Applying Referential Integrity to a Database

Correct Table Linking at Start is Essential Cost-Effectiveness

© Harry P. Schlanger

Nov 29, 2008
One-To-Many Relationship, Harry P. Schlanger
When not properly linked, badly connected tables can cause inefficiency to data retrieval. Eventually the database needs to be fixed by hand, at cost.

Data referential integrity is often not well understood in database design. When integrity is not properly applied, it can cause a lot of inefficiency to data retrieval. Eventually the table data needs to be fixed. Duplicate records must be located manually by using queries, and removed. “Orphan” records (due to deleted records) must be repaired.

All this effort requires time and energy, and costs money to fix. It is much more cost-effective to properly plan the design and implementation of the database in the first place.

This article reviews table relationships, focuses on correct table linking and identifies the consequences for failing to do so.

Implement in Correct Sequence

A database design to correctly plan and implement table relationships with referential integrity has previously been described by this author. The design begins with identifying entities from business data; tables are designed following conventions such as normalization, and then linked with each other. Only then are tables populated with data.

Table Relationship Types

In theory, there are three types of relationships:

  • One-to-many
  • Many-to many
  • One-to-one

In practice, the many-to-many relationship breaks down into a number of one-to-many relationships. The one-to-one relationship is not useful and is usually absorbed into another table. Therefore, we are left with just the one-to-many relationship to contemplate.

Fortunately, this table arrangement is easy to conceptualize. Figure 1 shows a simple one-to-many example that anyone can relate to. Using the Access 2007 database, a table named tblSong is used to record unique songs (i.e. one), while songs that are being played one or more times (i.e. many) are recorded in the linked table named tblSongPlayed.

Enabling Referential Integrity

The link in Figure 1 is achieved by dragging the primary key SongID onto the corresponding "foreign key" in tblSongPlayed. This causes a panel to show giving the option to check the "Enforce Referential integrity" checkbox.
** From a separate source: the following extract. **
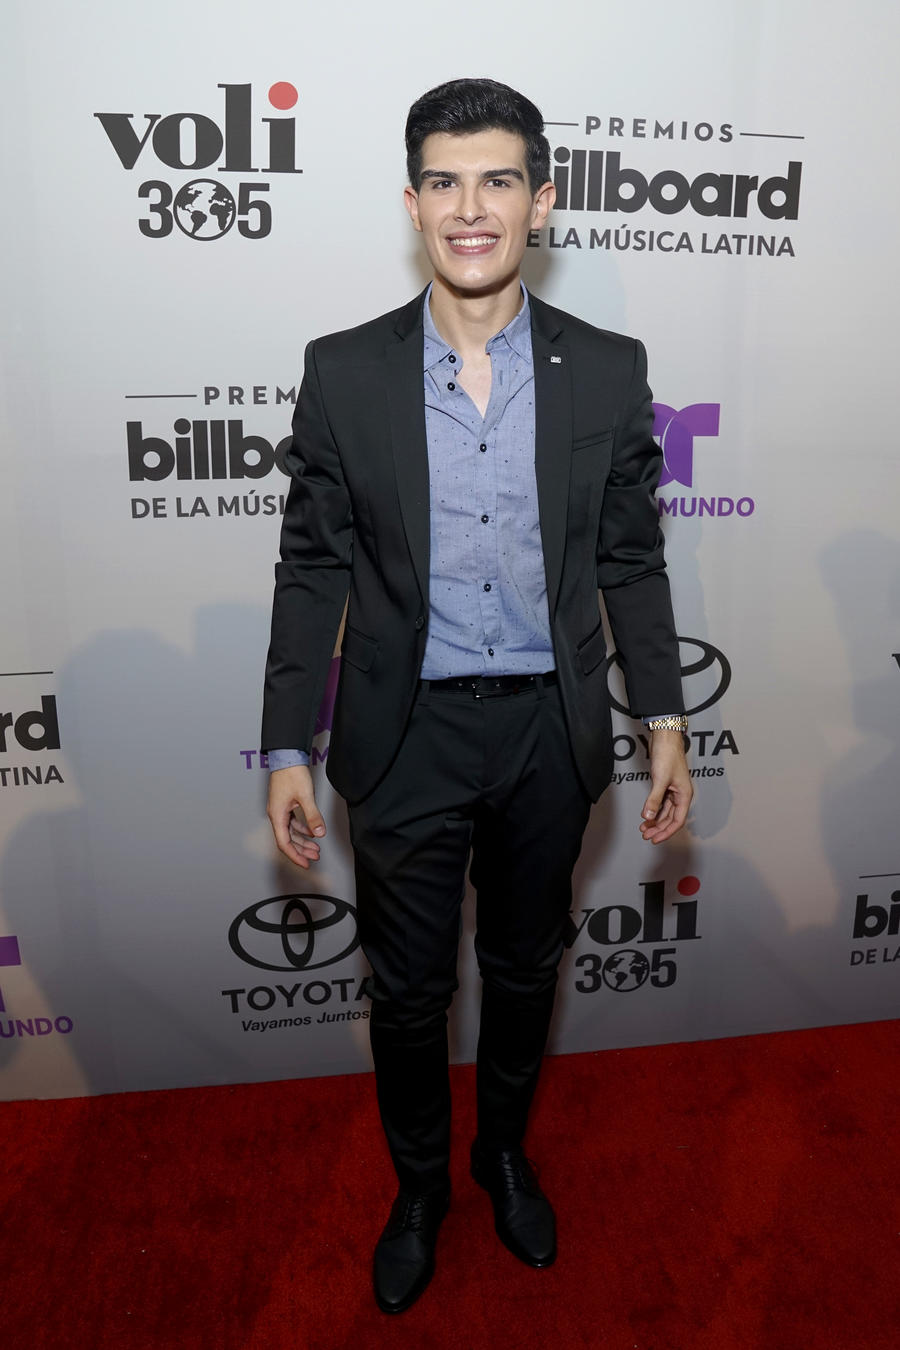 Adriel Favela en el anuncio de finalistas a Premios Billboard 2017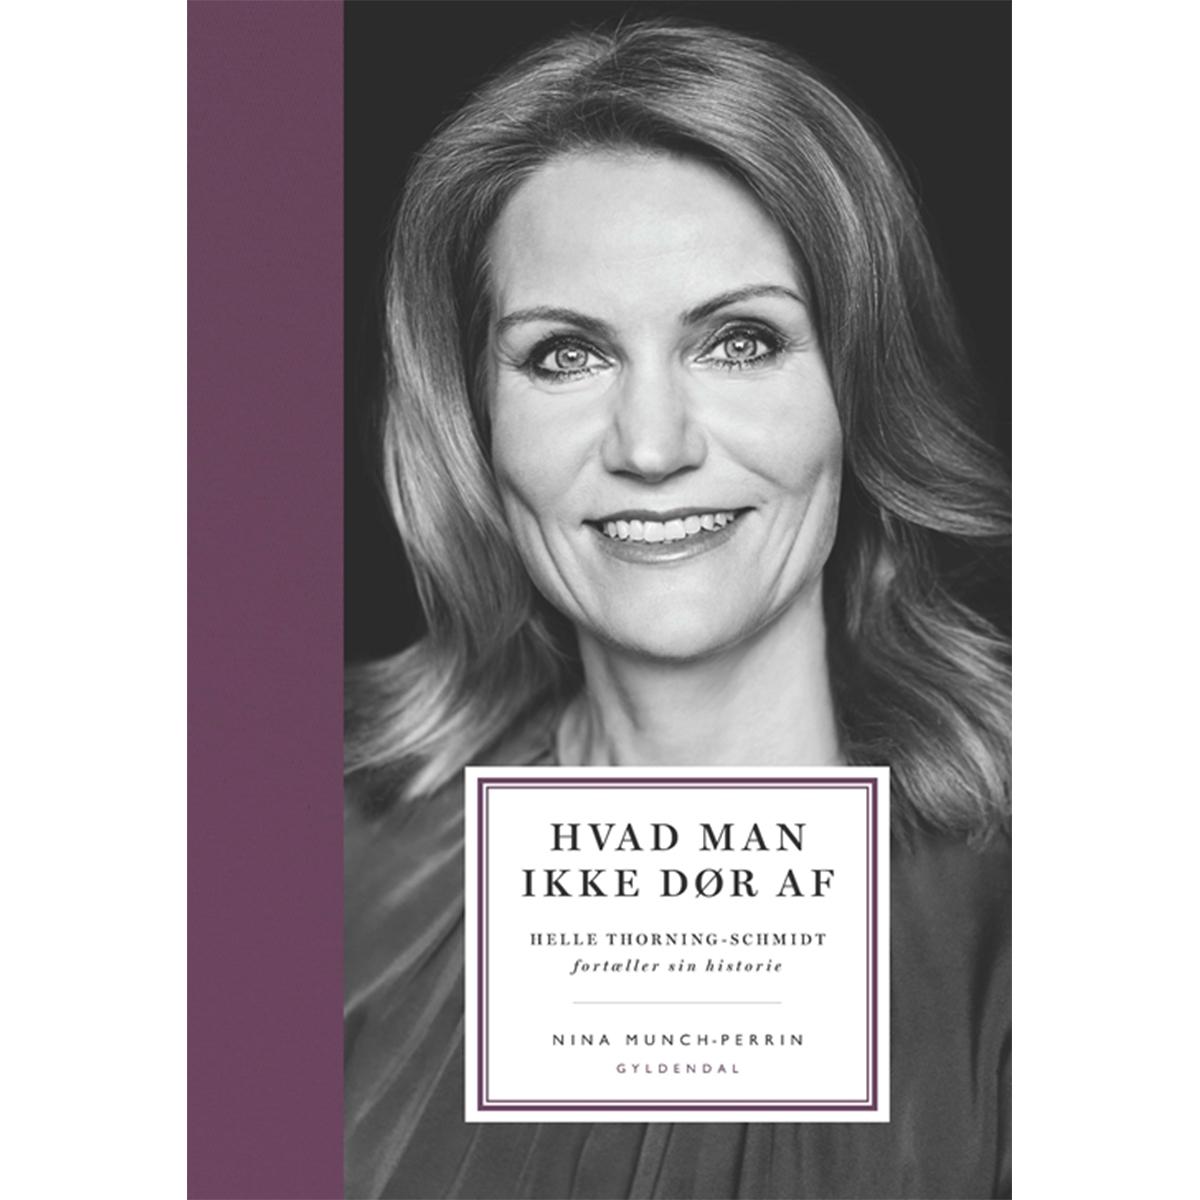 Hvad man ikke dør af - historien om Helle Thorning-Schmidt - Indbundet

If this is not checked, the link is still made but a thin line is shown. If checked, a heavy line results (see Figure 1). If there is existing data already in the tables, Access 2007 checks that there are matching IDs in both tables, otherwise a dialog message will be returned advising of the inability to make the connection with referential integrity.

How to "Clean up" Data

When data exists in tables and a sound link cannot be made, the data has to be corrected. There are often two types of problems to consider:

  • Duplicate records have been allowed
  • "Orphan" records exist due to deleted records

A query needs to be run to check for and locate duplicate records. When duplicates are found, they need to be removed manually or with a delete query. Careful judgement must be exercised and decisions to remove records made. The degree of difficulty for these tasks depend on

  • complexity of the query (number of tables involved)
  • number of records in participating tables

Similarly a check must be made to locate orphan records. This requires a different query to be run. It should be obvious by now that it is advisable to start any new database by leaving tables empty, then connecting tables with referential integrity, then lastly, populating the tables.

Summary and Conclusion

In an Access 2007 database, the heavy line between two tables indicates that referential integrity is in place. This is achieved by clicking the appropriate checkbox in the panel that opens up when the link is made.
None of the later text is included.